Званцев погасил сигарету и бросил ее через всю комнату в угол. Панюшкину не понравился этот жест. «Хозяйский какой-то, – подумал он. – Или просто пренебрежительный. Раньше он такого себе не позволял». Панюшкин внимательно посмотрел на Званцева. У того было спокойное, незамутненное выражение лица.
– Володя, тебе известна причина драки? – спросил Панюшкин.
– В общих чертах, Николай Петрович. Горецкий опять отличился. Напрасно вы его держите. Когда-то он вас чуть бульдозером не раздавил, сейчас Лешке Елохину досталось, Большаков, говорят, концы отдает.
– Концы отдает? – переспросил Панюшкин. – Это в каком смысле? Как понимать? Какие концы?
– Вам не понравилось выражение? Простите. Сорвалось.
Настольная лампа ярко освещала лицо Панюшкина, слепила его. Лампа была удобна лишь при работе, когда нужно было смотреть на стол, на бумаги, но стоило поднять голову – свет бил в глаза. А Званцев стоял в тени, прислонившись плечом к теплой стенке, и ему удобно было наблюдать за Панюшкиным.
– Володя, причиной драки послужила твоя Анюта.

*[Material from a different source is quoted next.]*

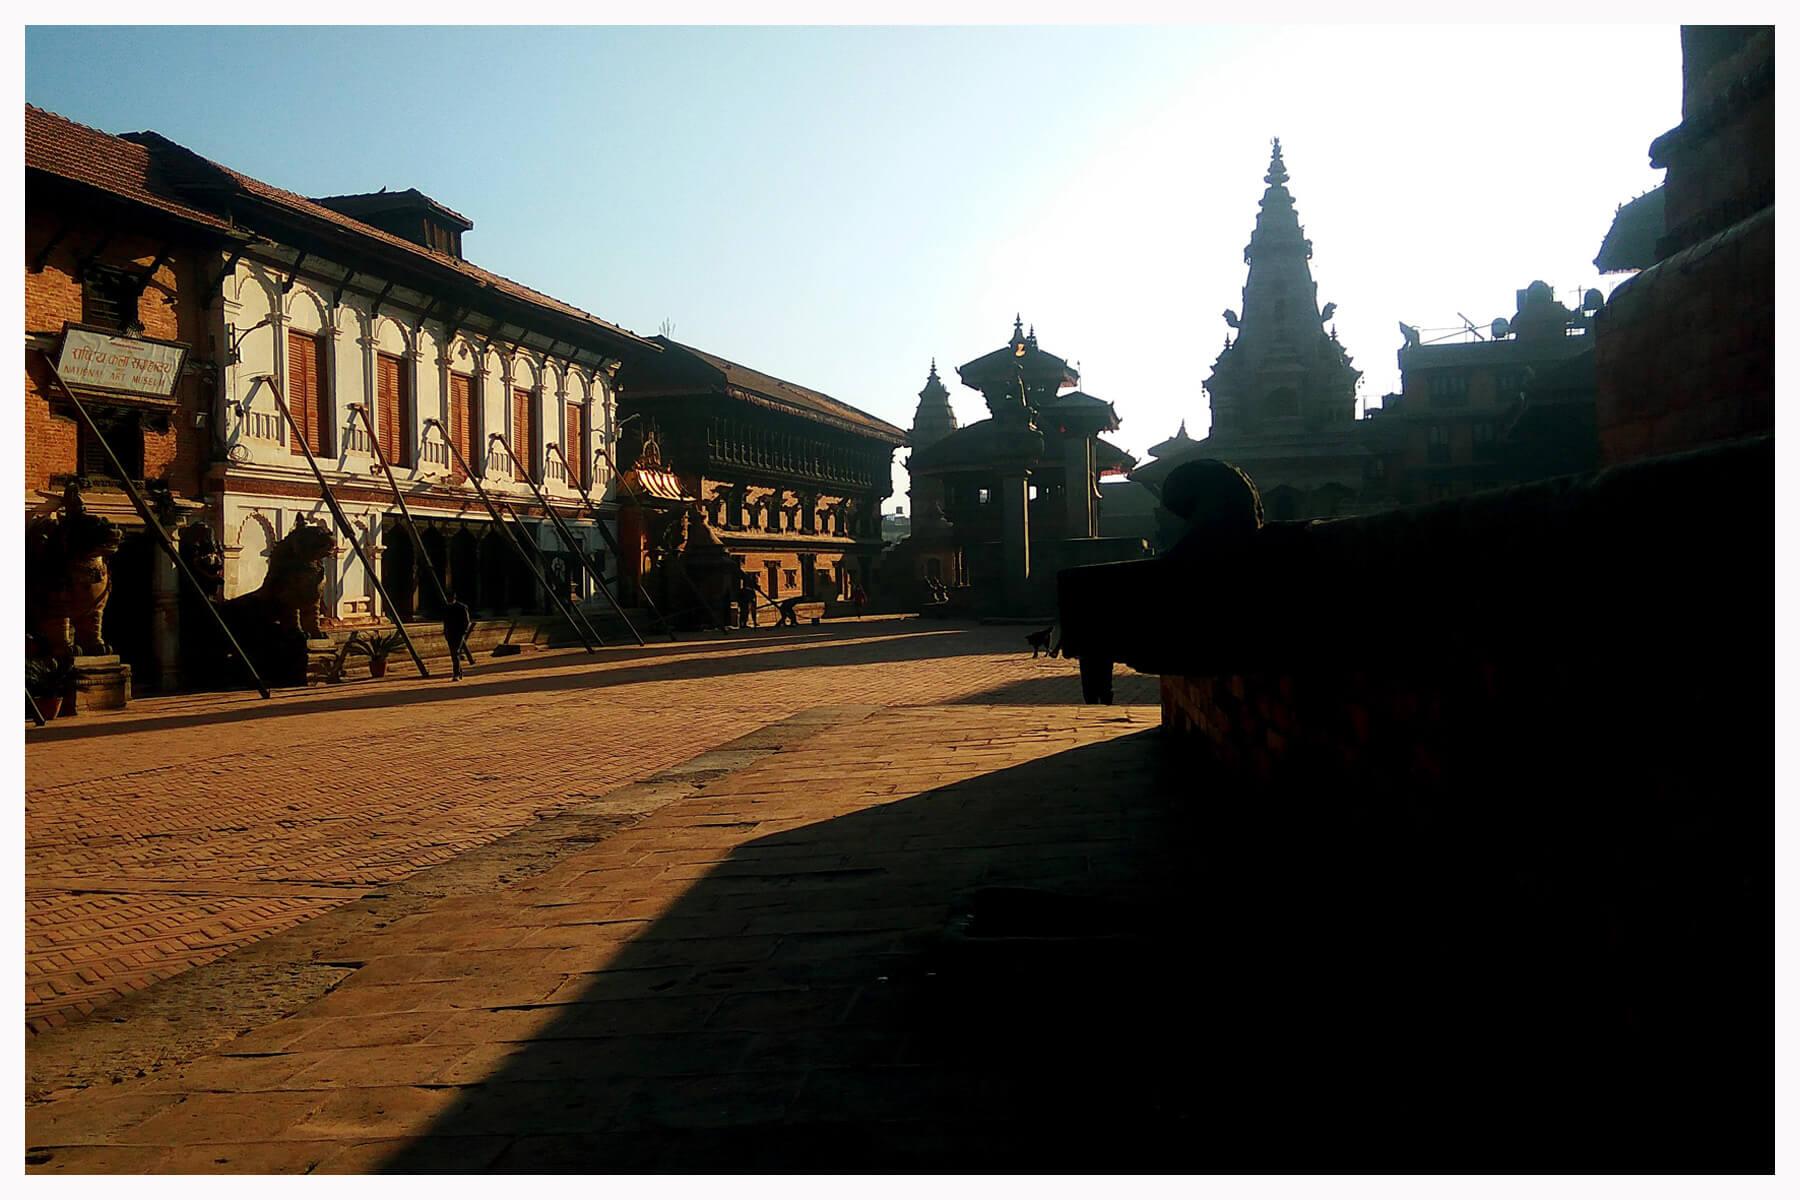 Durbar Square image
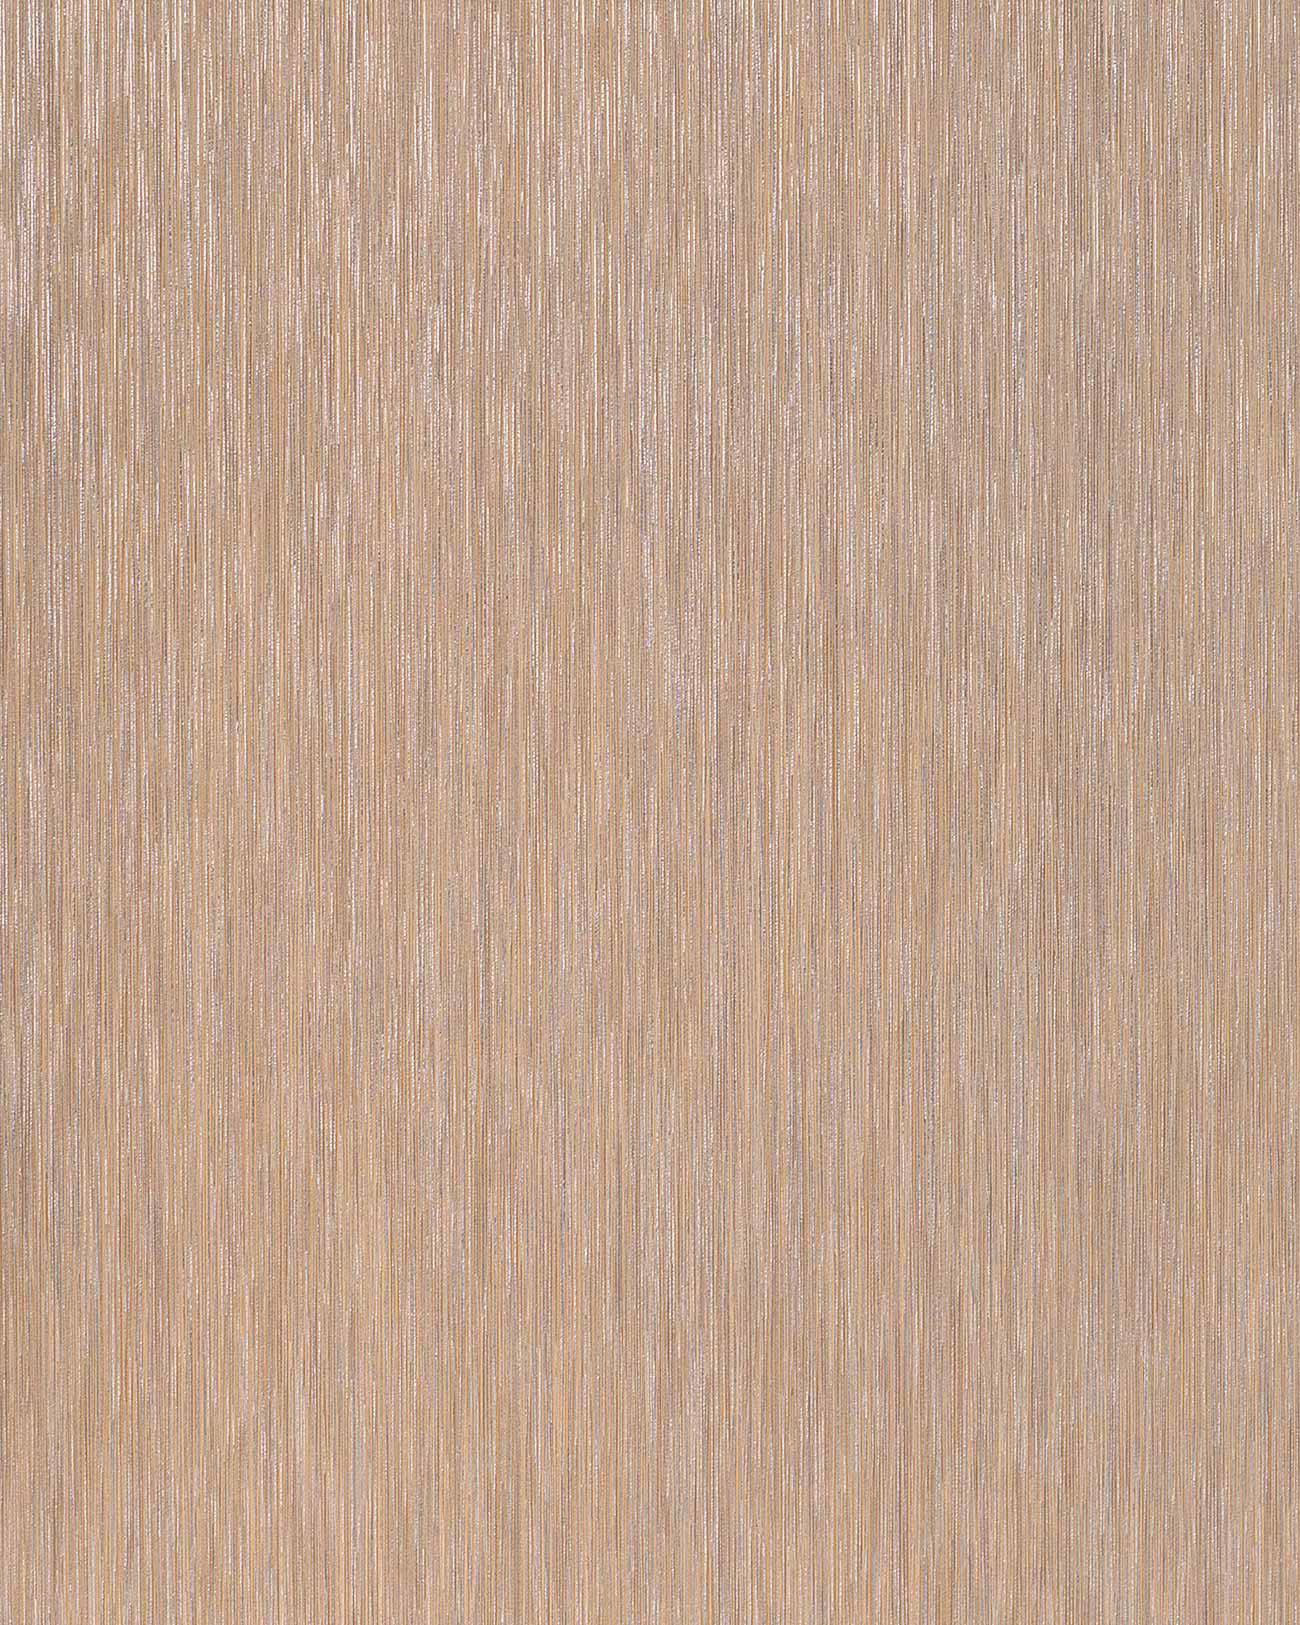 Antraciet Badkamer Tegel ~ Designbehang goed afwasbaar EDEM 1020 13 reli?f strepen structuur ton

– Да, я знаю. Но это, в общем-то, мое личное дело. Если вы не возражаете.
– Ха! – Панюшкин вскинул руку, мимолетным движением поправил очки, ткнув указательным пальцем в переносицу, и с размаха бросил ладонь о стол. – Личное дело! Володя, ты ведешь себя так, будто один из нас дурак, причем ты уверен, что этот дурак не ты. Подожди! Весь Поселок срывается среди ночи, несется на Пролив! Каждый рискует замерзнуть, сорваться в промоину, заблудиться, сломать в торосах ноги! Ведутся спасательные, поисковые работы в невиданных для нас масштабах. Следователь выясняет причины поножовщины, как выразился секретарь райкома! А главный инженер товарищ Званцев полагает, что это его личное дело!
– Прошу пардону, Николай Петрович! Из нас двоих дурак, конечно, я. Дело в том, что я сам не знал причины драки. Оказывается, воздыхатели сцепились. Кавалеры то есть.
– Полагаю, бывшие кавалеры? – жестко спросил Панюшкин.
– Чего темнить, Николай Петрович, говорите сразу, что, мол, хлопот с ней не оберешься, что жизнь моя под откос пойти может... Но скажите, Николай Петрович, добрая душа, человек, немало поездивший на своем веку и насмотревшийся всякого... Скажите, пожалуйста, зачем мне пересиливать себя? Разве я поступаю подло? Добиваюсь денег, славы, карьеры? Нет. У меня только любовный расчет, если можно так выразиться. А в этом я не вижу ничего плохого. Мои действия предусмотрены природой. Или вы считаете, что я теряю свое достоинство, беря в жены столь презренную особу?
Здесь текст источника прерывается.